• **EXERCISE AIM**
Your job with the data below is to output exactly the lines from the one holding "Gap harvest with" down to the one holding "PHOTOS: Rafael Nadal", both included, and no others.

------ SUPPLIED RECORDS ------

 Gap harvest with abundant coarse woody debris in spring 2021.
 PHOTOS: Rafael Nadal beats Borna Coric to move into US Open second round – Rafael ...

------
------ SUPPLIED RECORDS ------

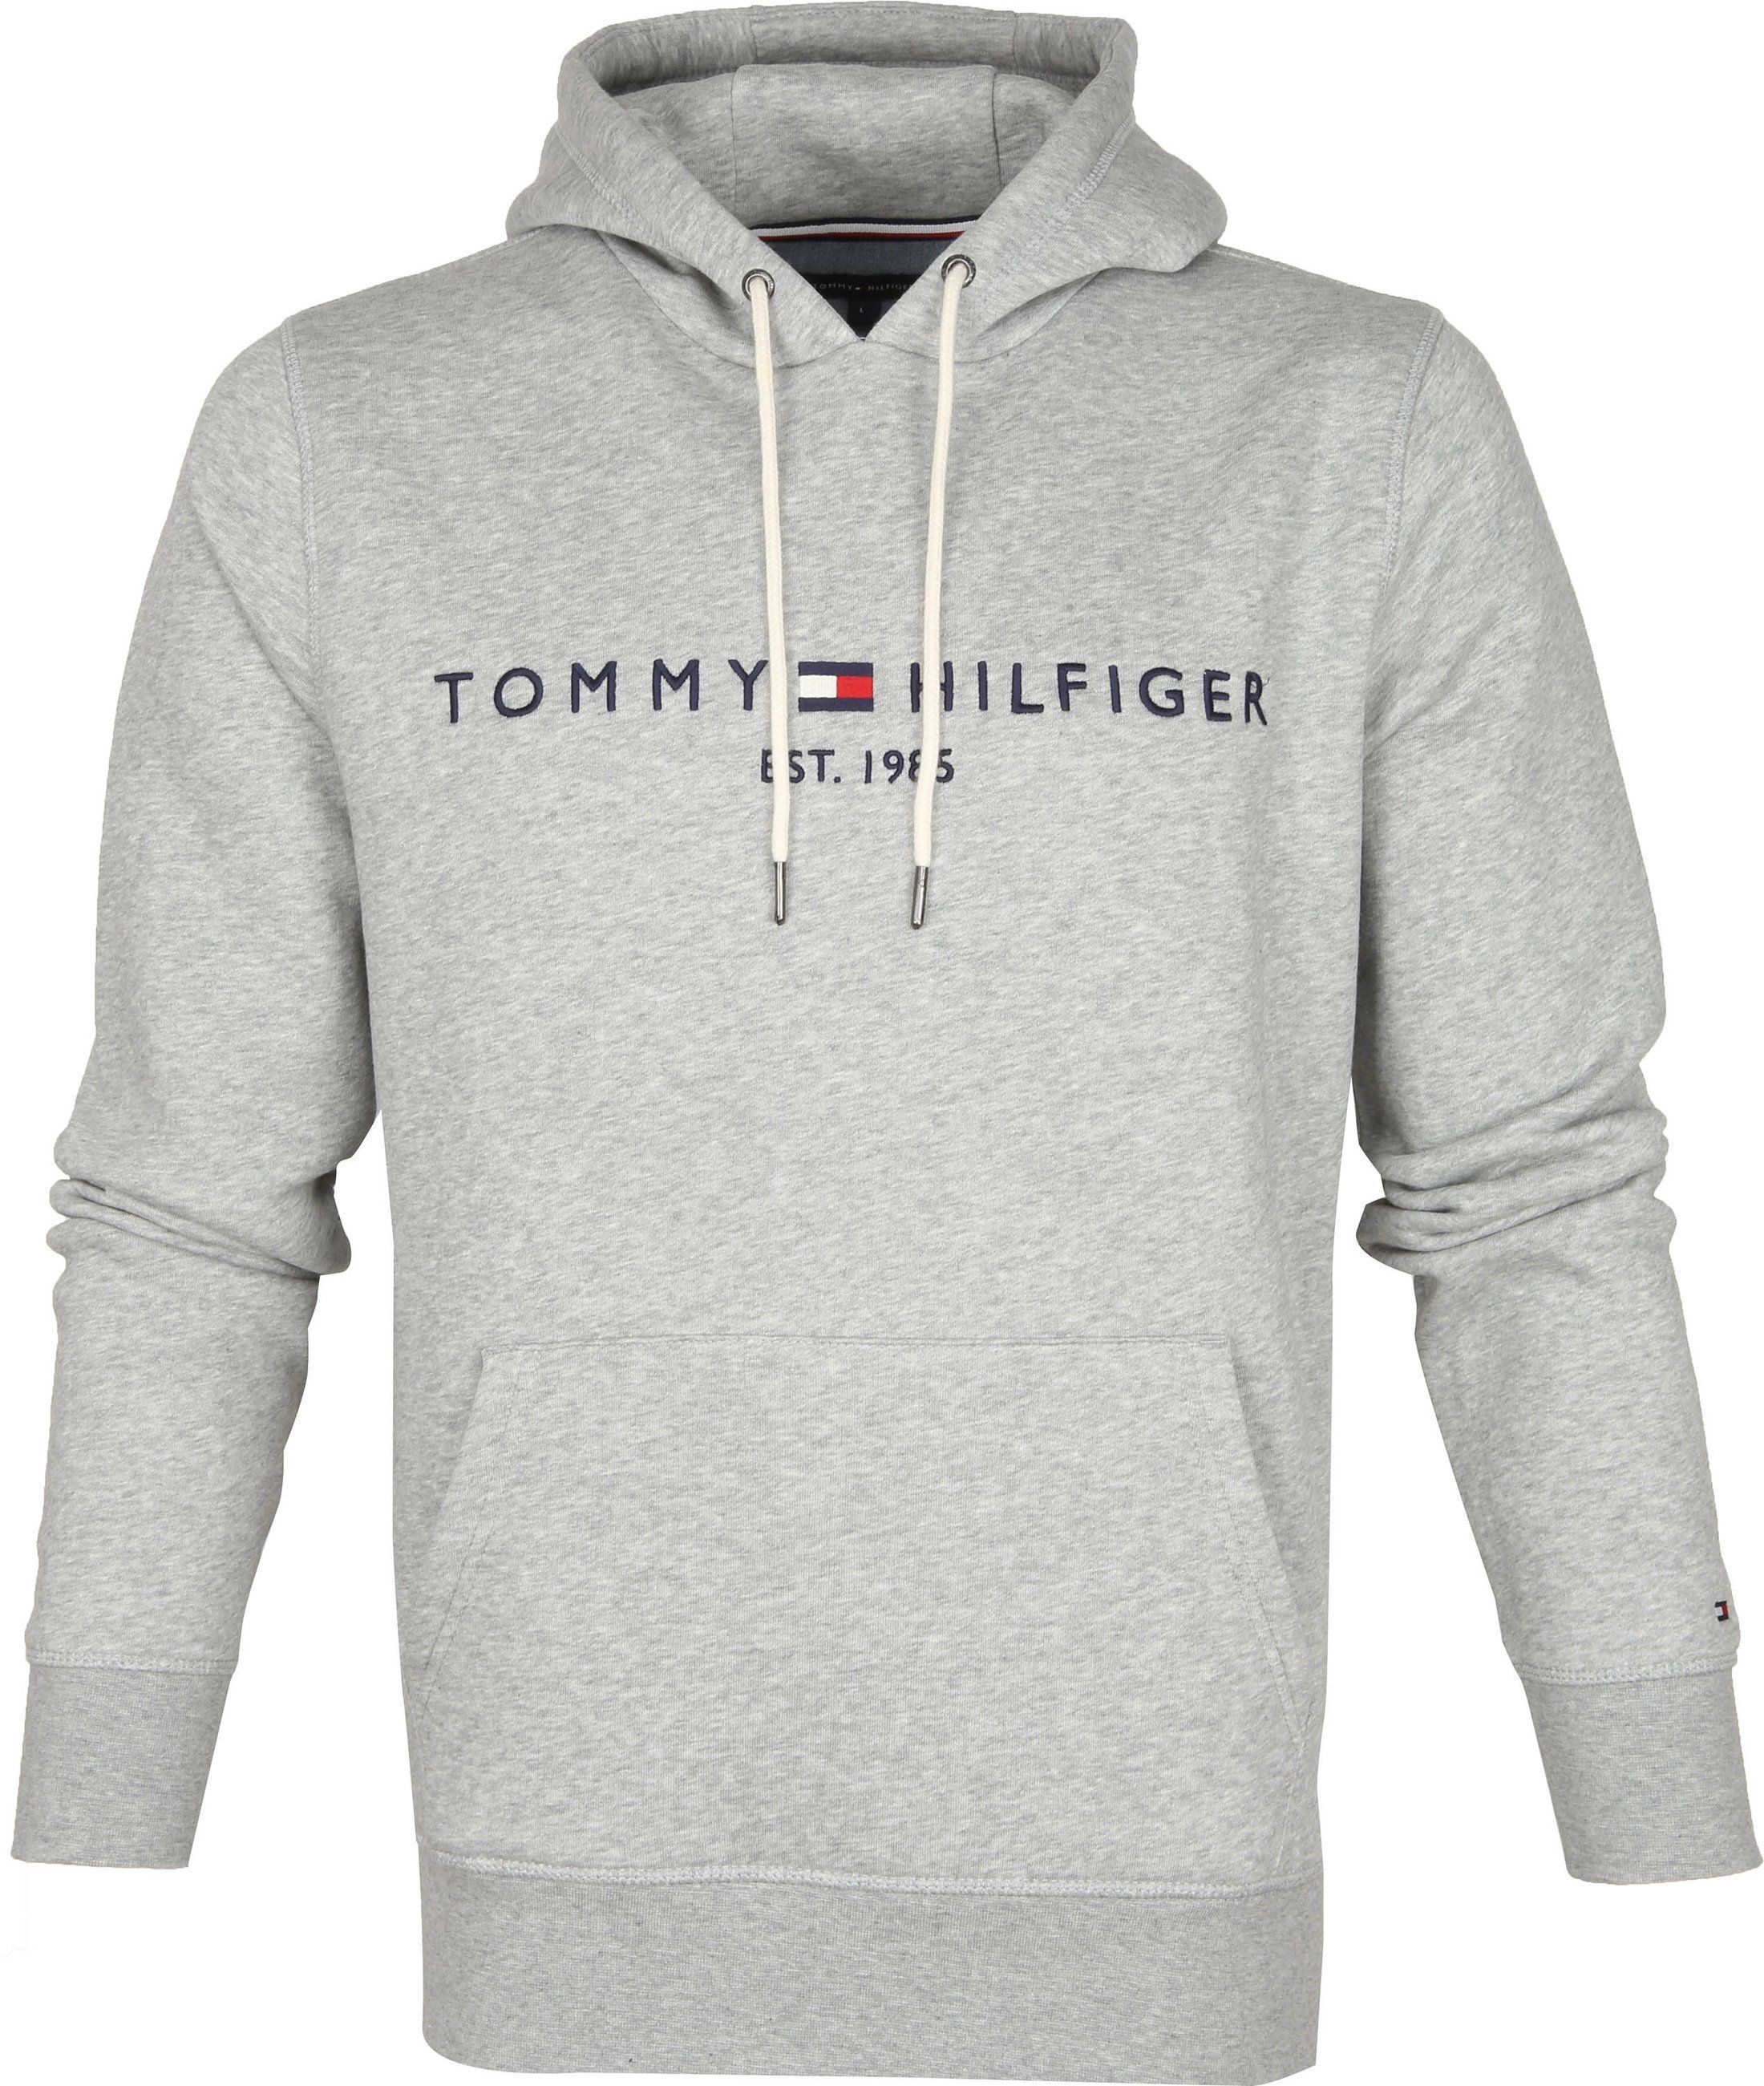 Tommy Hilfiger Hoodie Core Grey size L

------

• **WORKED SOLUTION**
 Gap harvest with abundant coarse woody debris in spring 2021.
 PHOTOS: Rafael Nadal beats Borna Coric to move into US Open second round – Rafael ...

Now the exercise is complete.